The authors have declared that no competing interests exist.

Figures

Figure 1
Figure 1. Experimental setup and model structure.
(A) Experimental setup. (B) Model structure. Solid line: information signal; dashed line: activation signal; dotted line: reward-based (reinforcement) learning; double dotted line: error-based (supervised) learning.
Figure 2
Figure 2. Neuronal population coding and spontaneous use over the workspace for the affected arm.

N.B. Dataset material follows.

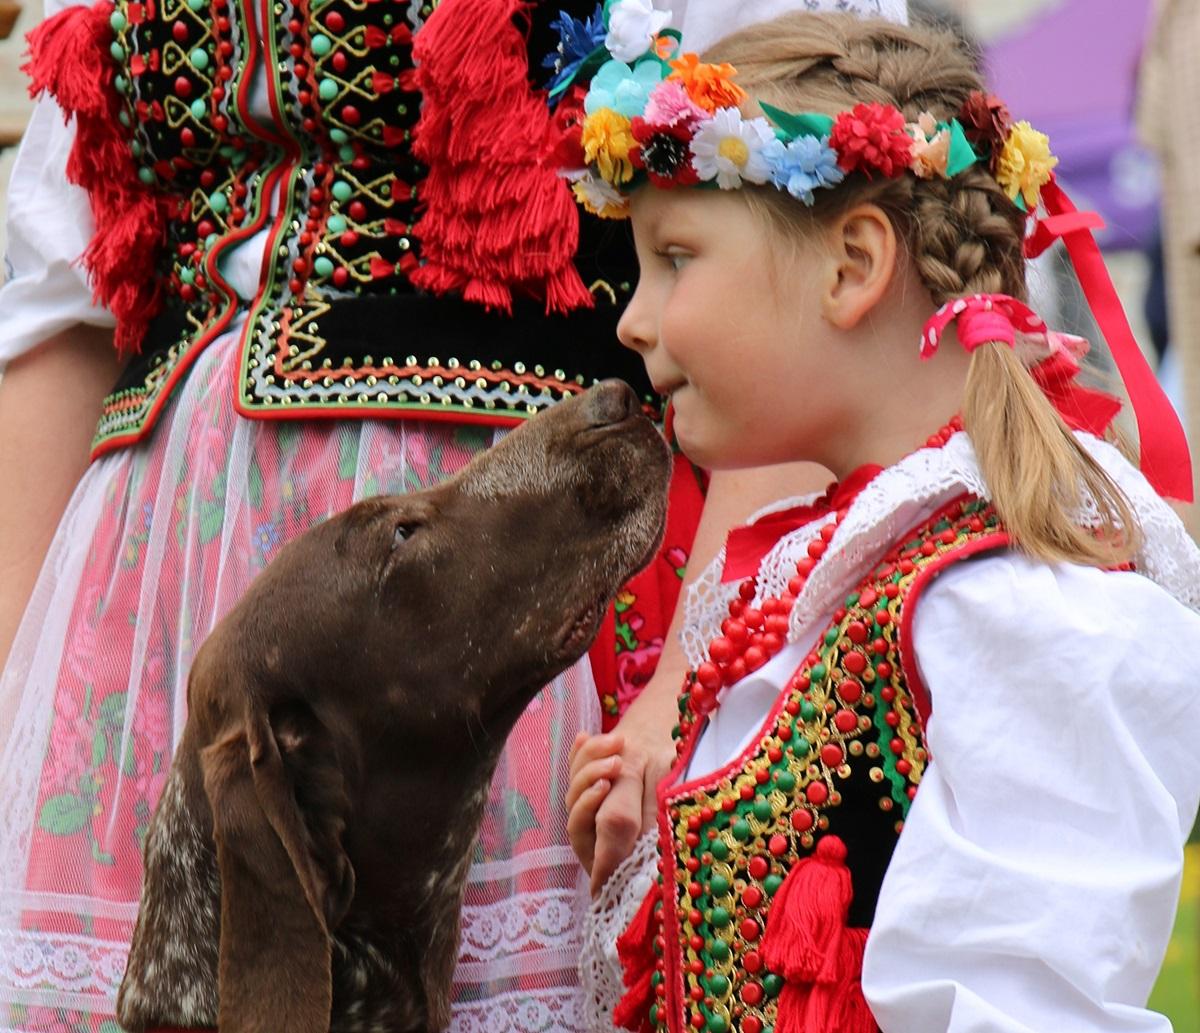 Fot. Beata Dziwulska

(A) Neuronal population coding. (B) spontaneous use (B). For (A) and (B): (1) Before stroke, (2) after stroke, (3) after 3,000 free choice trials, and (4) after 1,000 forced used trials followed by 2,000 free choice trials. In (A), each population vector figure shows the desired reach directions (thin black arrows), the neuron activation levels along their preferred directions (thin gray lines), and the resulting population vector (thick black arrows). Note that there are no “votes” for directions corresponding to the lesioned directions in (A.2) and (A.3) but that in (A.4), many neurons have become retuned to yield votes in the lesioned directions. In (B), the pie plots show the probability of using the unaffected right arm to reach to targets arrayed on a circle around the central position. In (B.2) and (B.3), the less affected arm reaches into the lesioned quadrant, but this effect is reversed with therapy (B.4).
Figure 3
Figure 3. Time course of behavioral performance and spontaneous use in the affected range just before stroke, following stroke (“acute stroke”), during rehabilitation, and after rehabilitation (“chronic stroke”).

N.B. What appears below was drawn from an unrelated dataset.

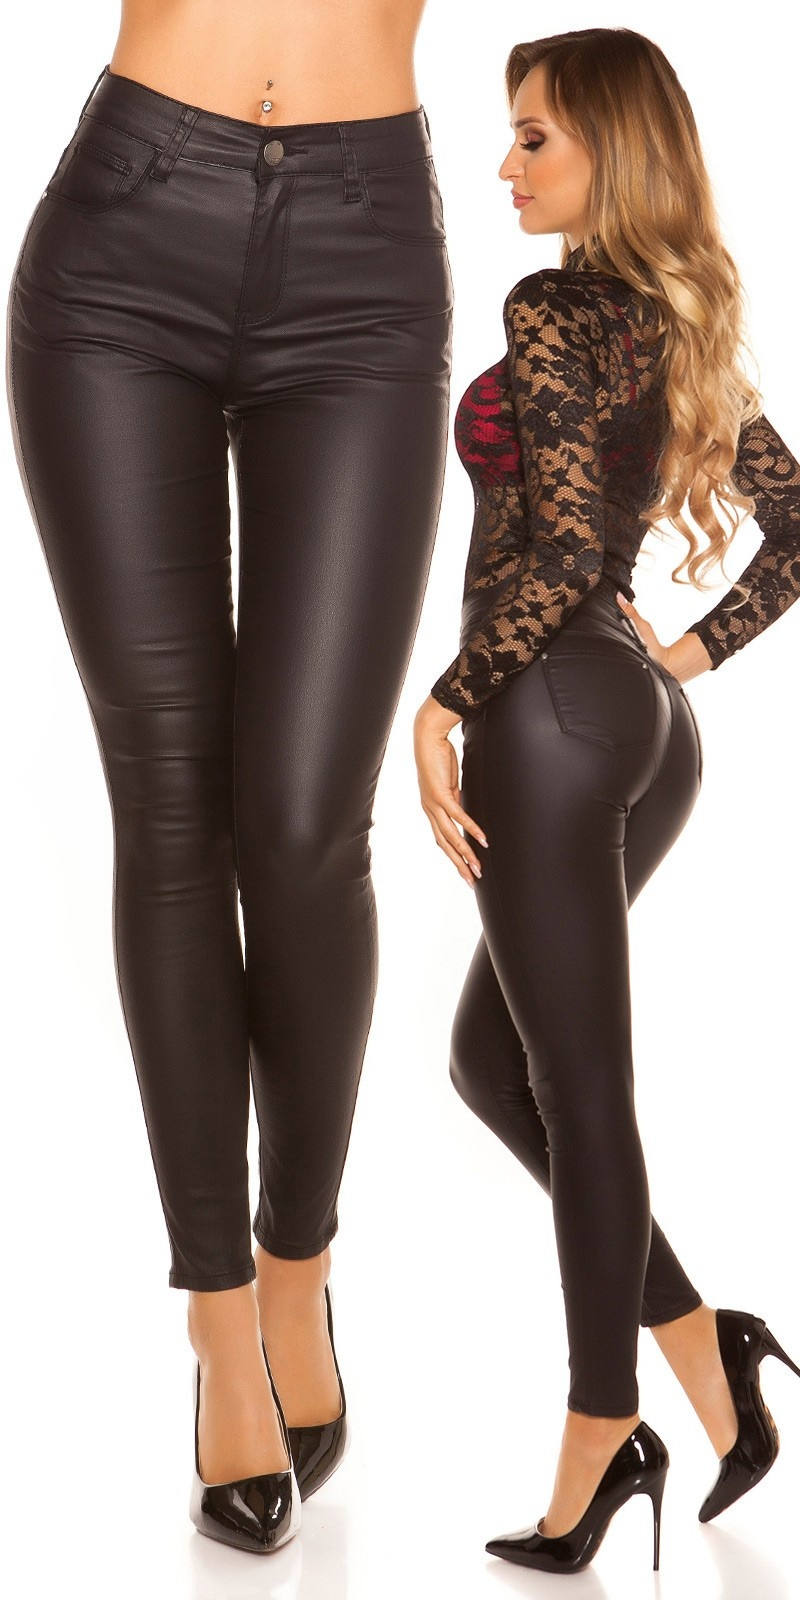 Sexy High Waist Skinny Leatherlook Pants Black

(A) Directional error, (B) normalized population vector (PV), and (C) spontaneous arm choice. Five different durations of therapy were used (0, 200, 400, 800, or 3,000 trials). The spontaneous arm use is an average selection probability from 10 uniformly distributed desired directions on the affected range. The threshold of effective rehabilitation for this stroke size is shown in the horizontal dotted line of (C). If the rehabilitation leads to performance above this threshold, then a virtuous circle between spontaneous arm use and performance will take place and performances will continue to improve without the need for further rehabilitation.
Figure 4
Figure 4. Changes in spontaneous use following rehabilitation as a function of the number of rehabilitation trials.
We plotted the average slope of spontaneous arm use in the 1,000 trials following rehabilitation as a function of the intensity of therapy. Above 420 trials (with the default parameter set), spontaneous arm use increases after therapy. Below this number of trials, it decreases.
Figure 5
Figure 5. Effect of the number of rehabilitation trials in immediate and follow-up tests.
Directional error (A), normalized population vector (PV) (B), and spontaneous arm use (C) in the immediate and follow-up tests. The directional error performance following few rehabilitation trials worsens after therapy. On the contrary, the directional error performance after sufficient rehabilitation trials improves even after therapy. Similar bistable patterns are shown for the normalized population vector and spontaneous use shown in (B) and (C).
Figure 6
Figure 6. Effect of stroke size.
(A) Number of rehabilitation trials required to reach the effective rehabilitation threshold, as a function of lesion sizes. (B) Normalized population vector (PV) as a function of lesion size in the follow-up test after 800 rehabilitation trials.
Figure 7
Figure 7. Changes in reach precision (standard deviation of directional error) in relation to changes in accuracy (mean of directional error).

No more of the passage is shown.